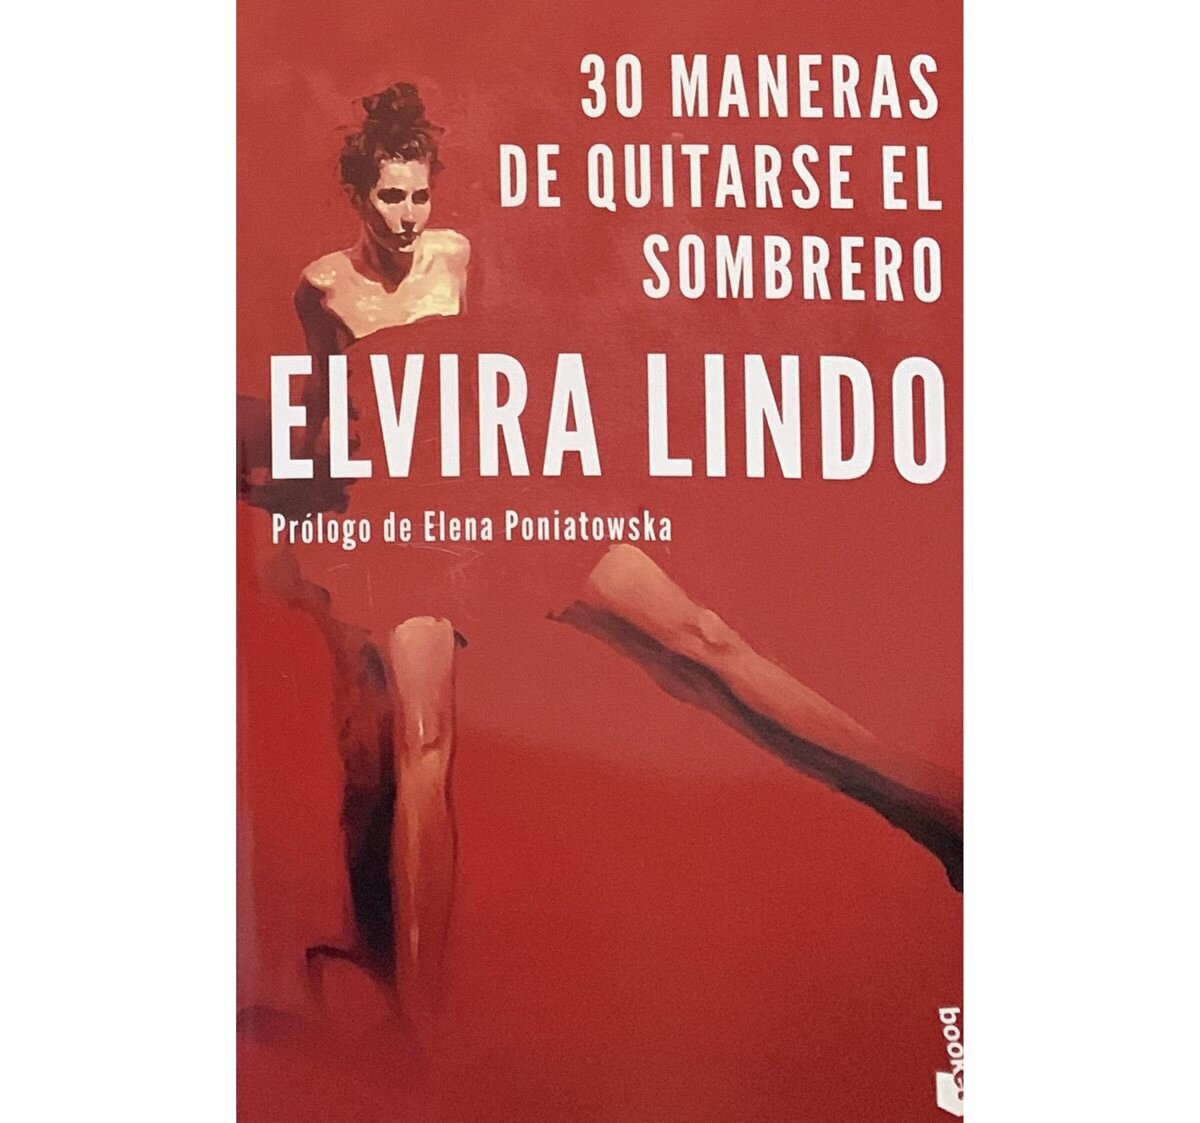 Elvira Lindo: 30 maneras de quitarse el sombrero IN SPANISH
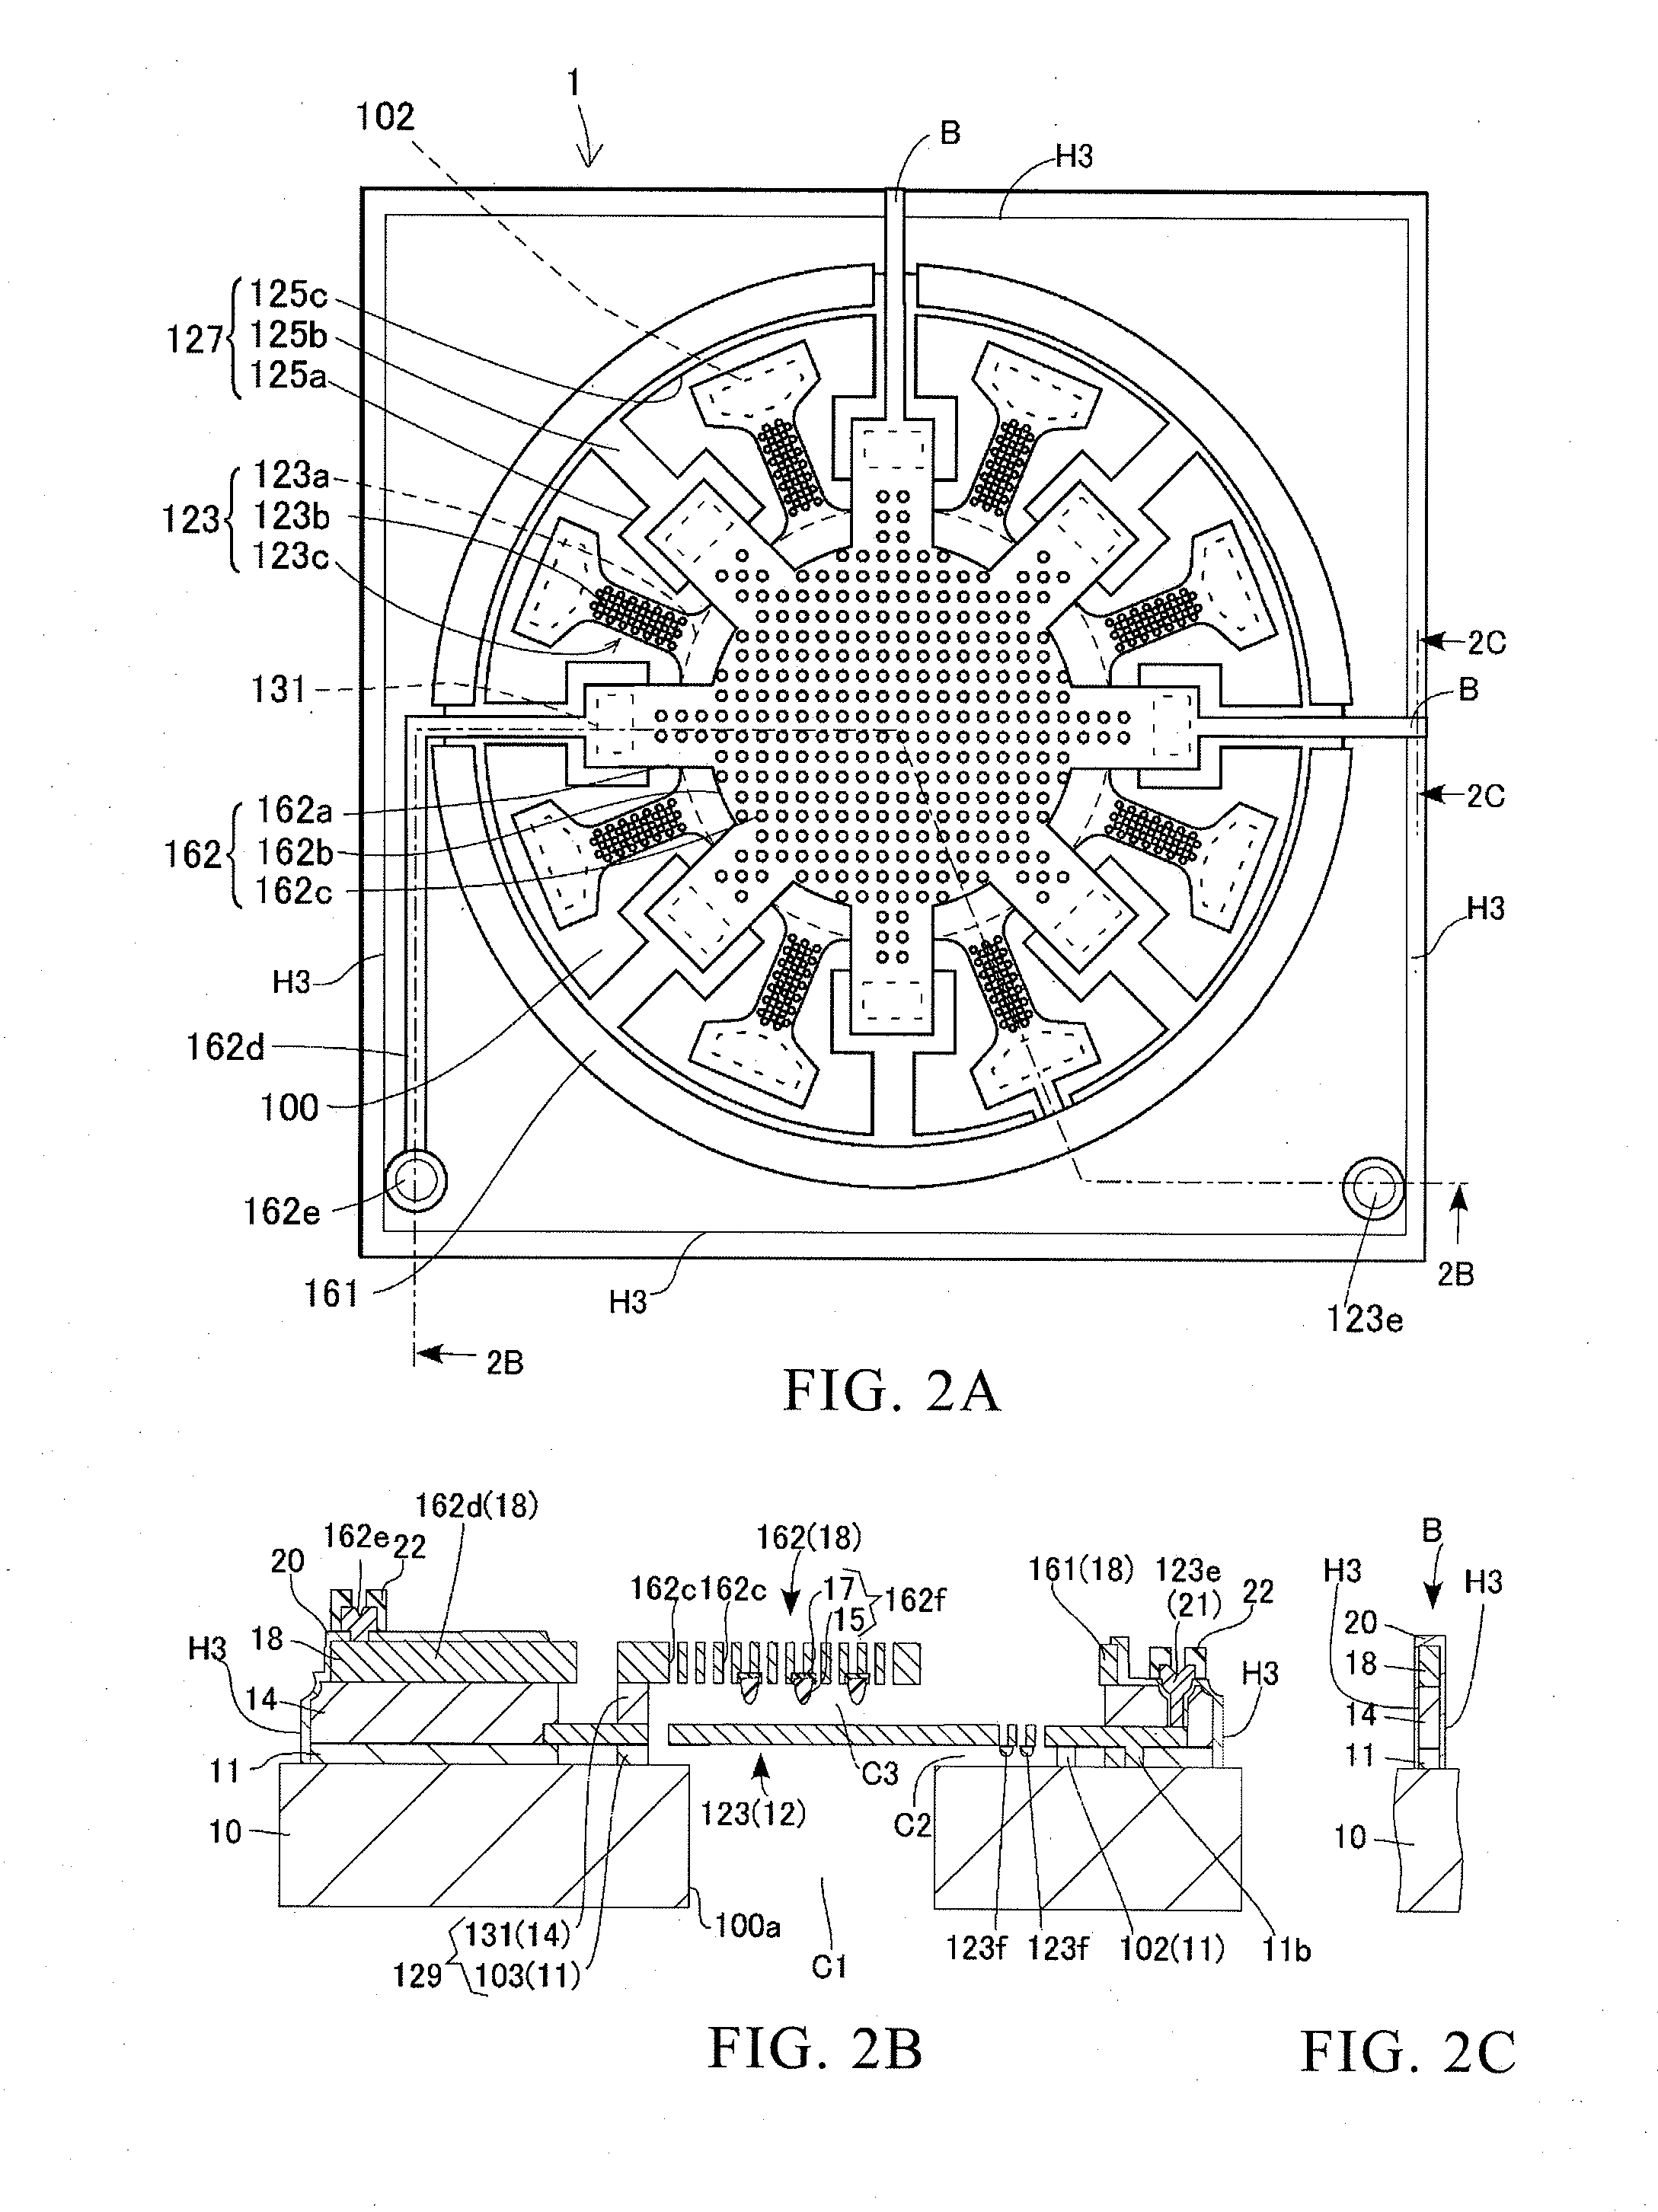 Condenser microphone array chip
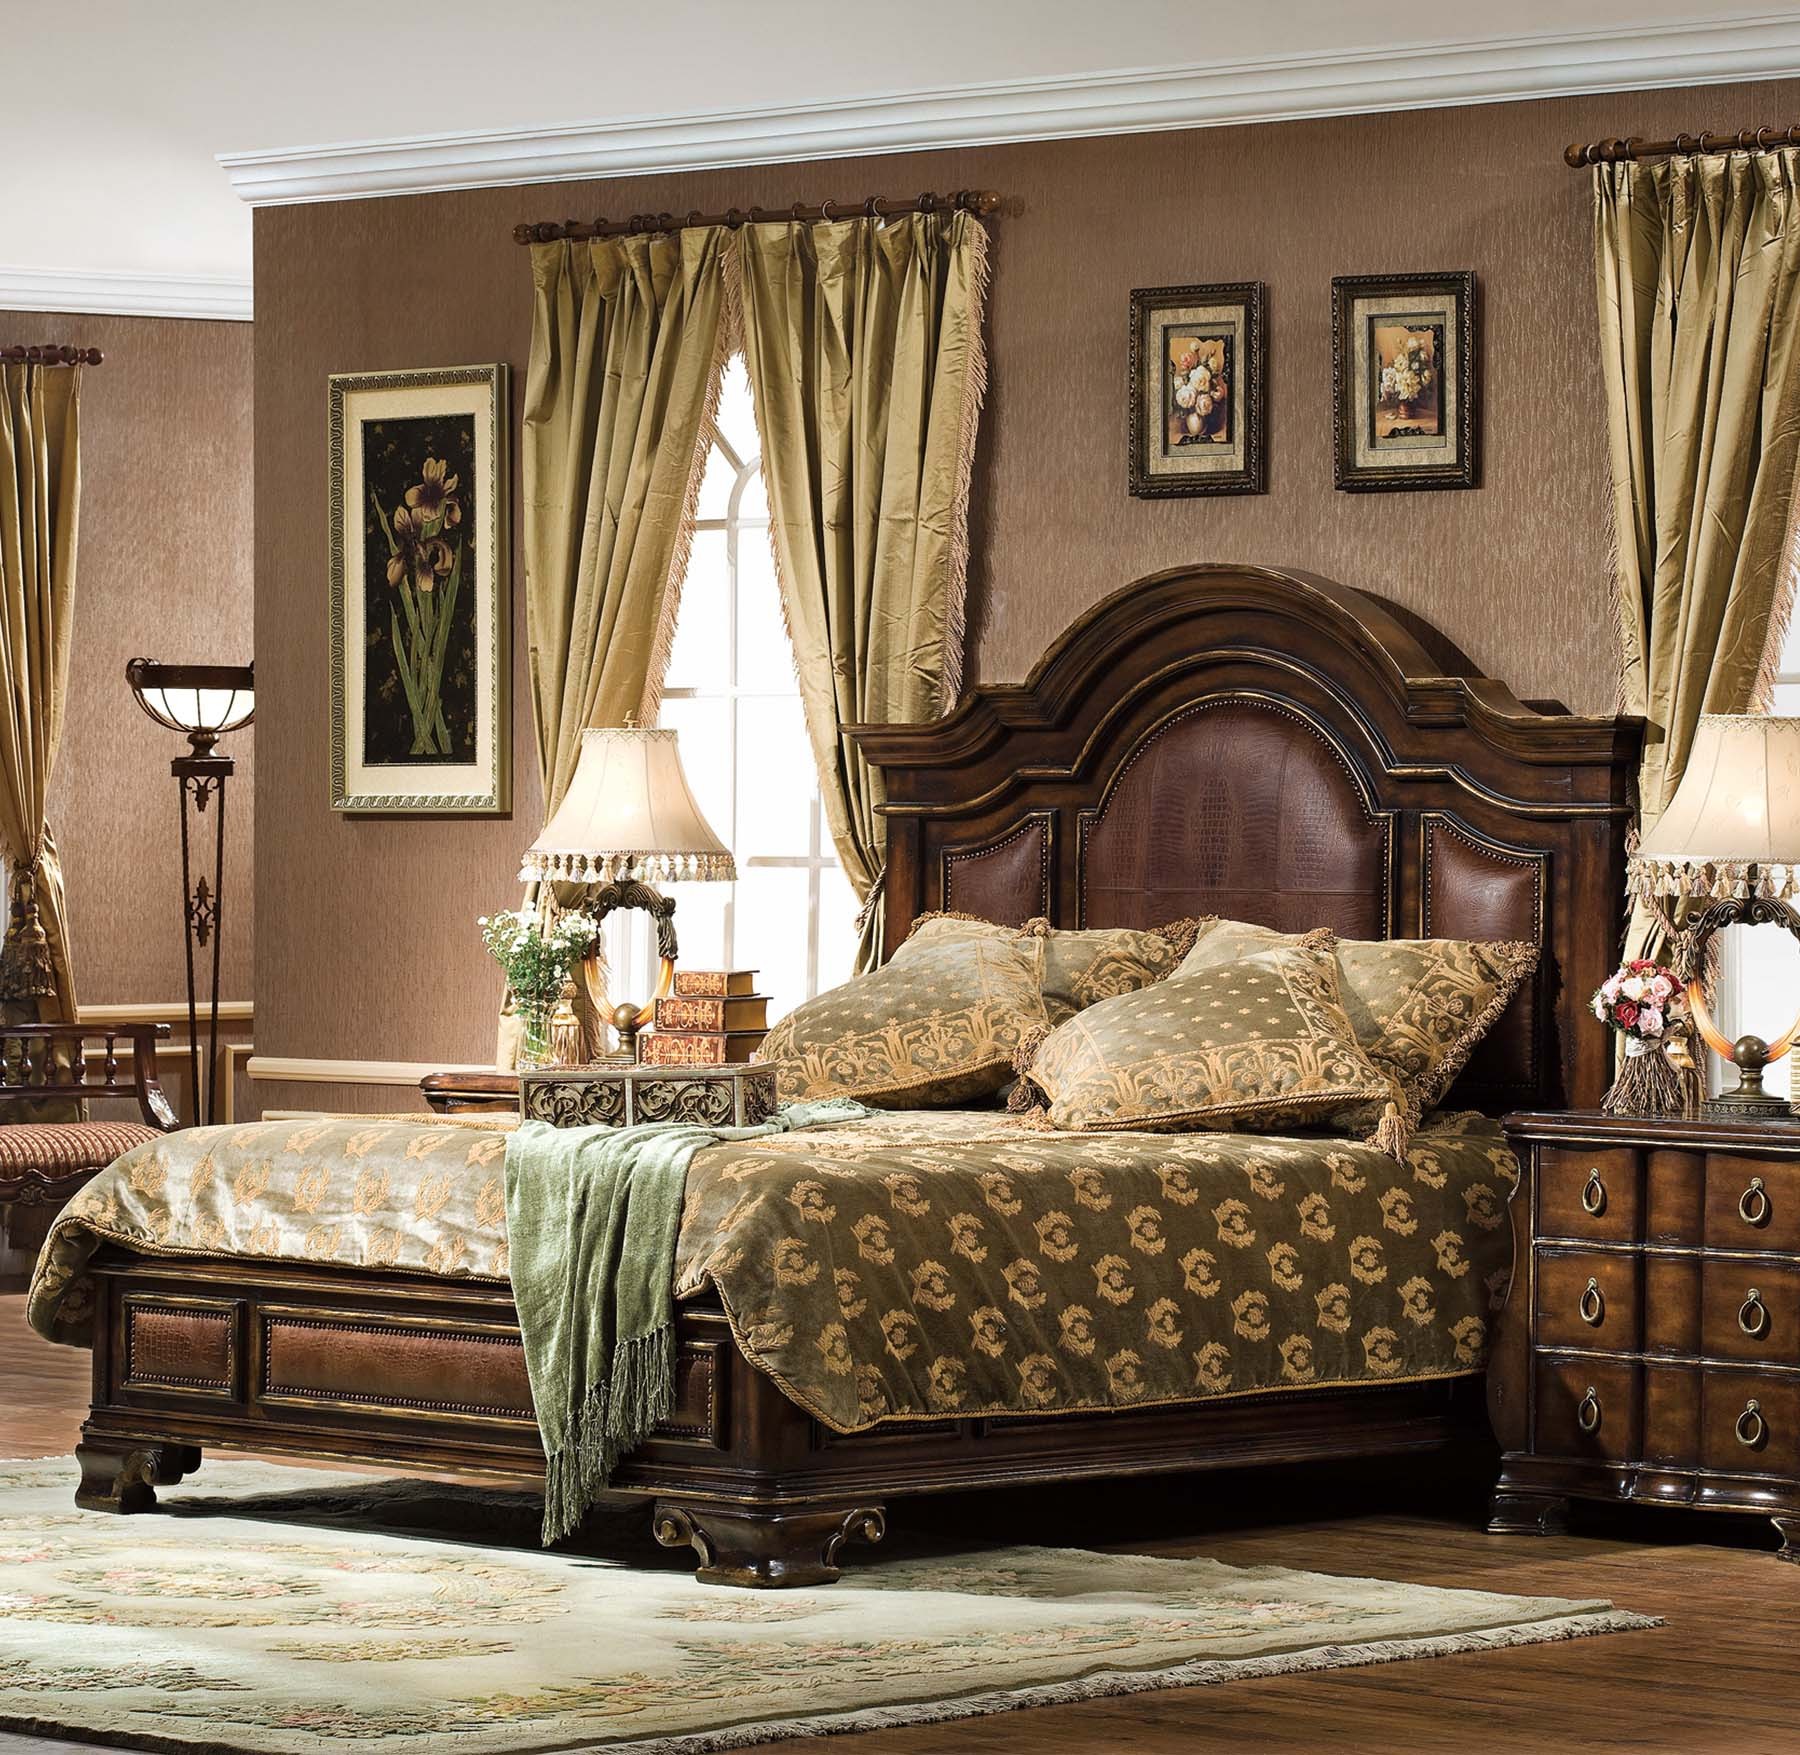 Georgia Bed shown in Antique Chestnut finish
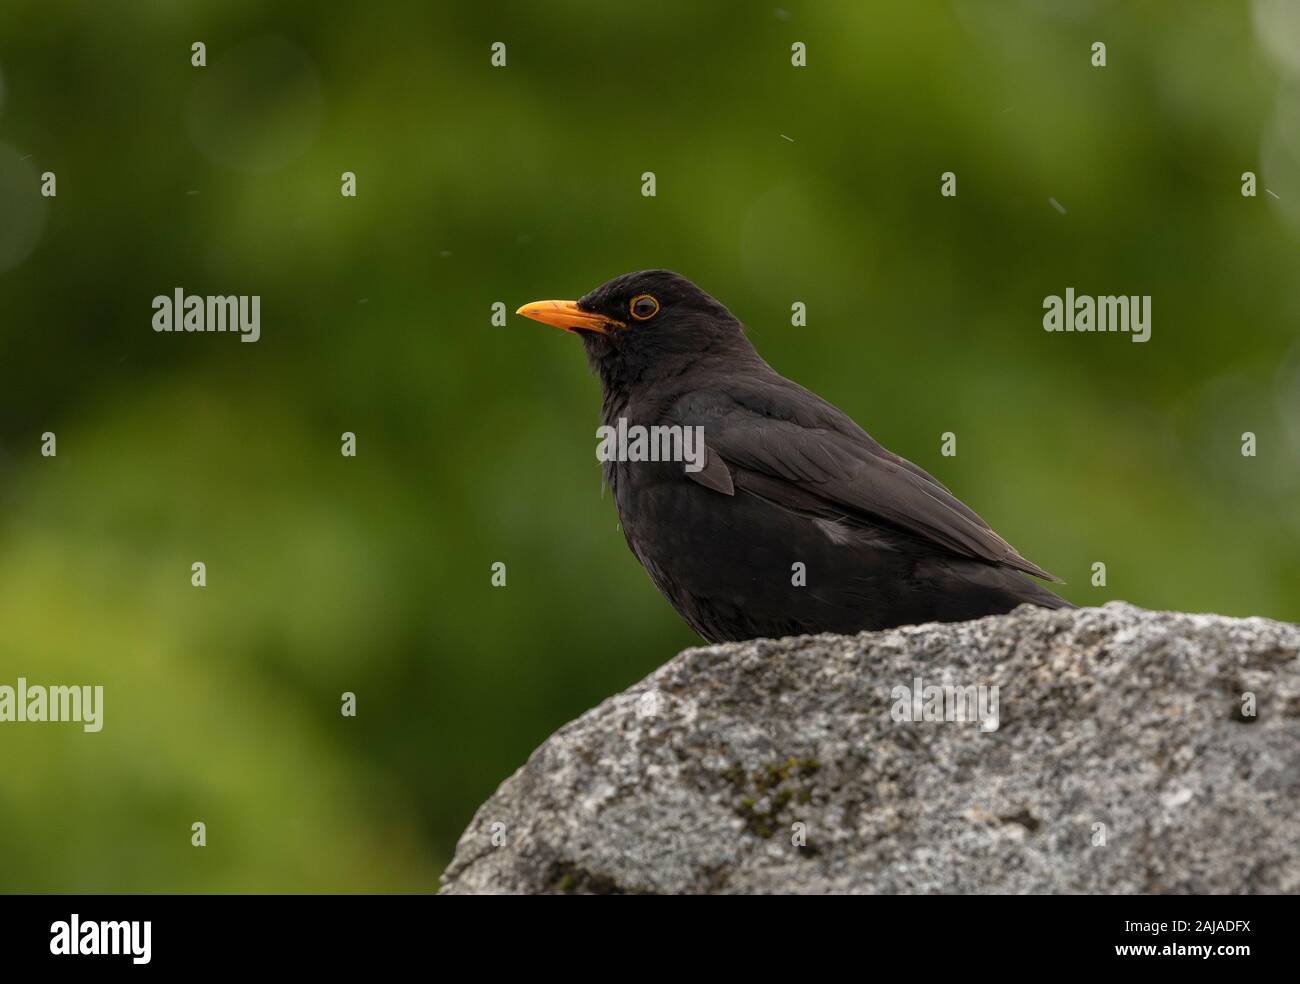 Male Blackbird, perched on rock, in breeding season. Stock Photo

◆ PROBLEM: Please return exactly the lines from the one containing "Condenser microphone array chip" through the end of the material above, both ends included, but not the pictures.

◆ SOLUTION:
 Condenser microphone array chip
 Georgia Bed shown in Antique Chestnut finish
 Male Blackbird, perched on rock, in breeding season. Stock Photo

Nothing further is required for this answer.